The OECD tested whether the employment rate (people in work as a percentage of the working age population) was related to various measures of job quality.

It found that job quality and the number of jobs can, and tend to, go together.

The relations between job quality and employment rates OECD: http://www.oecd.org/employment/labour-stats/Job-quality-OECD.pdf

For example, when labour market security rose, so did the employment rate. That’s not surprising in one sense, and it was the strongest relationship between job quality and quantity.

But there were other links as well. Improvements in earnings quality also tended to link to improvements in the employment rate. And as the quality of the work environment got better, so too did the employment rate.

Just because these pairs of factors go together does not necessarily mean the first causes the second - it could potentially work both ways – but, as the OECD says, there appear to be “no major trade-offs…but rather, potential synergies”.
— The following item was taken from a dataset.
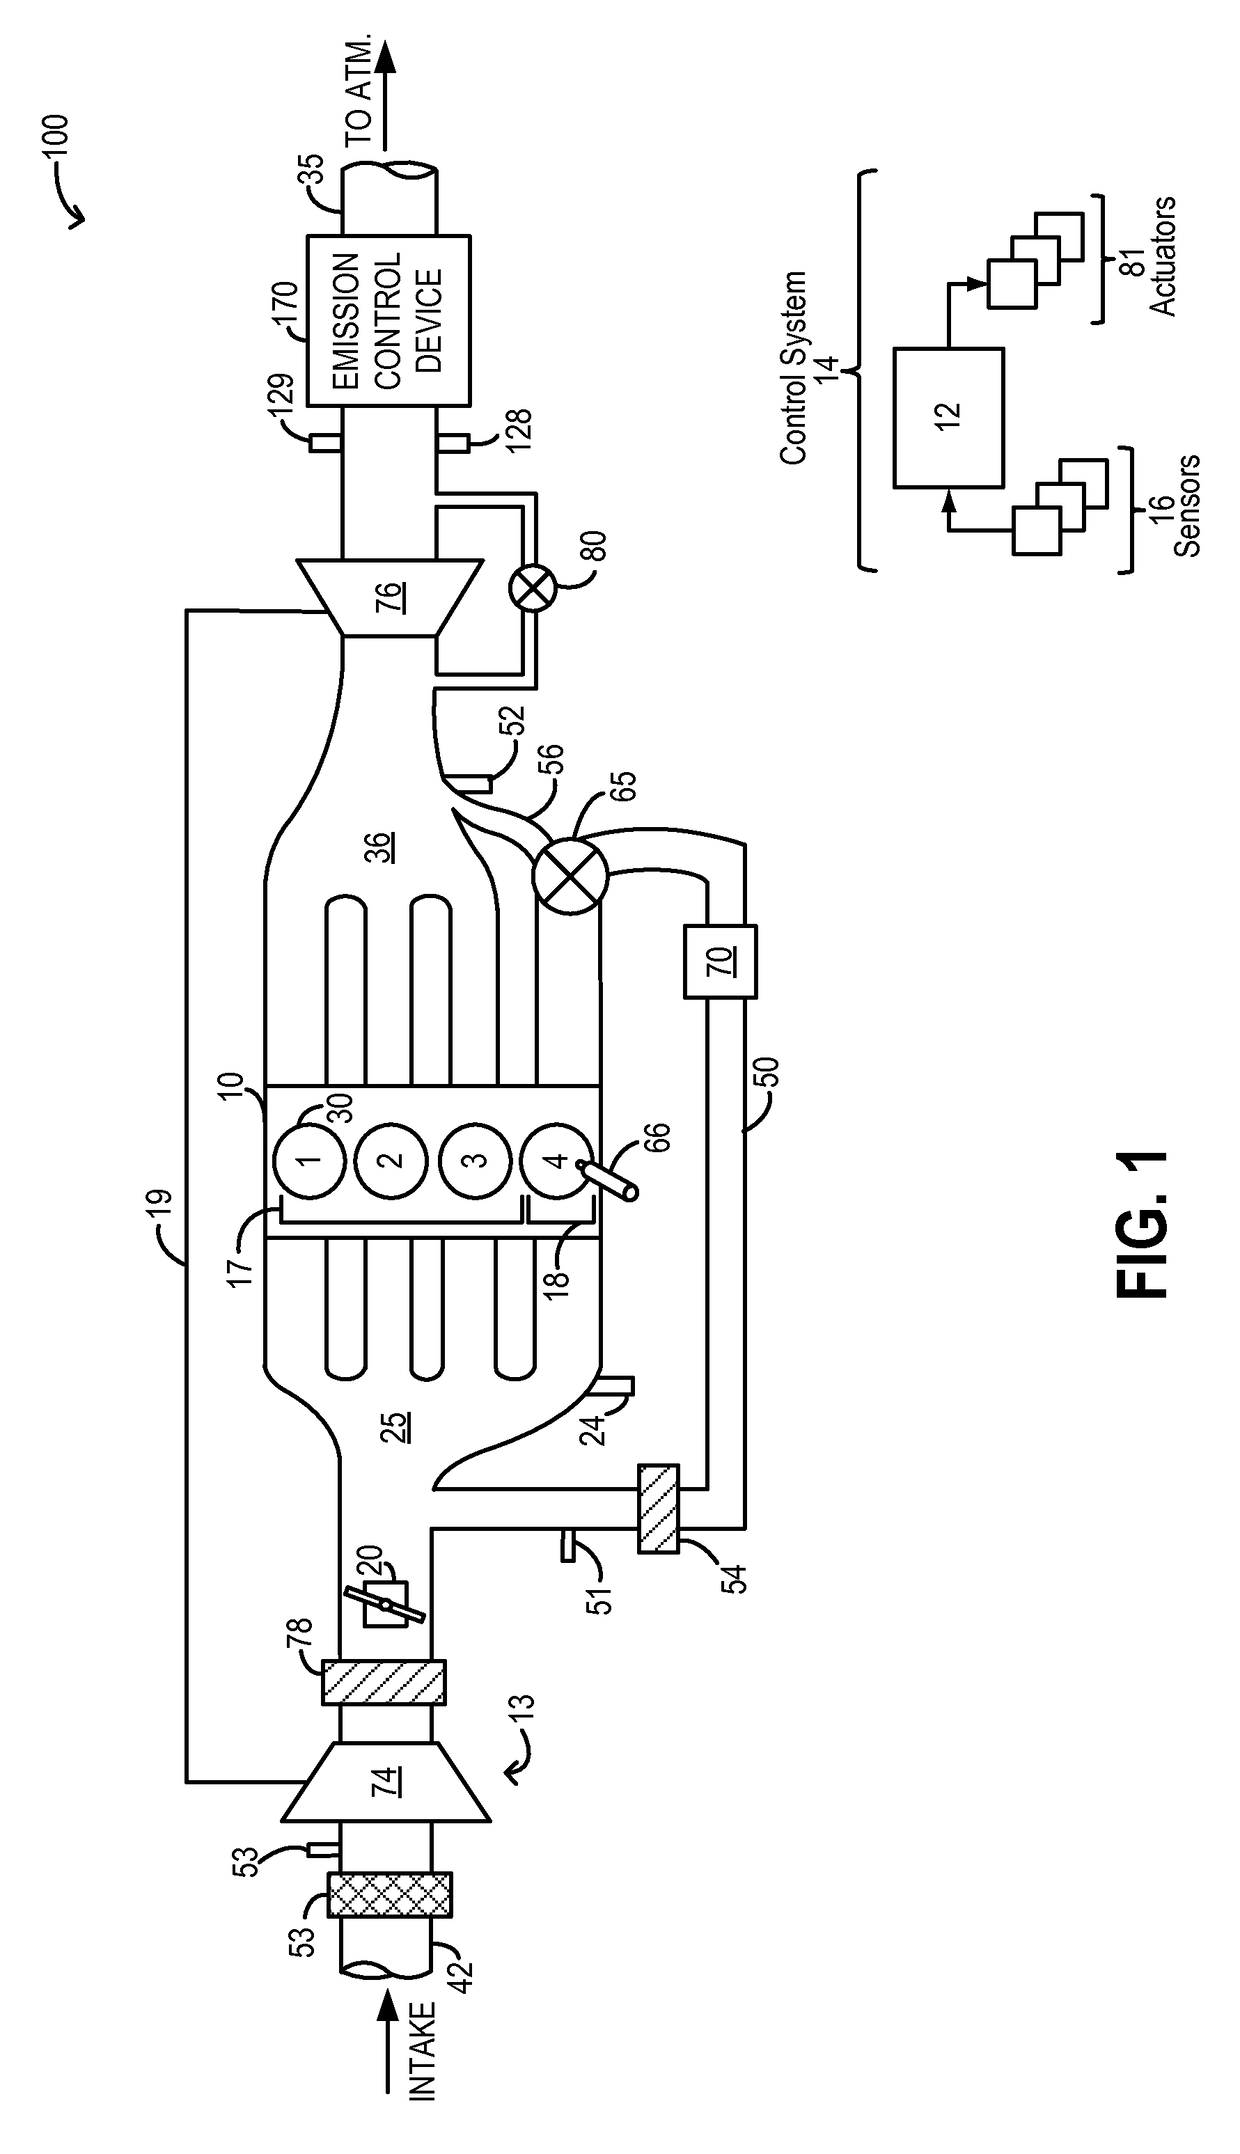 Systems and methods for transient control

In the short term, the report says, things are more complex: the global financial crisis had different effects in different countries. Some had falls in both job numbers and job quality. Others had falls in the first but not the second, perhaps because “the surviving jobs were of better quality in the first place”.

The OECD report also looked at “emerging countries” (fast-growing ones, outside the OECD), like Russia, Brazil, Turkey and China. Job quality is lower in those countries on a number of dimensions: lower wages, higher inequality, greater risk of low-wage employment, and a poorer work environment.

“Informal” (unregulated) jobs in particular are highly insecure, poorly paid and involve long hours. But “informality”, it says, is “hard to escape”.

It’s a sombre reminder that, not only in emerging economies but also in countries like Australia, lousy jobs are not necessarily a stepping stone for better jobs later in people’s careers.

Indeed, across the OECD, even when you account for the “stepping stones”, there’s a lot of inequality in pay. Measuring inequality at a single point in time will produce a higher number than looking at lifetime earnings, because people’s earnings on average increase as they get older. However, inequality is not just a transient feature within a life time: the report says “about three quarters of earnings inequality at a point in time is permanent”.

Job quality is a complex concept, difficult to measure. Other researchers define it differently. The report tries to take account of wage inequality but this can’t account for inequality between the overall incomes of the ultra-rich and of lower wage employees, or of those on pensions. The OECD has focused on some measures for which it could easily collect data from a large number of countries.

The report highlights there is a lot more to success in employment policy than just counting up the number of jobs. Policy makers like to focus on that because it’s easy. However, they need to think more broadly about jobs, and recognise that it’s not necessary to have poor quality jobs in order to have enough jobs.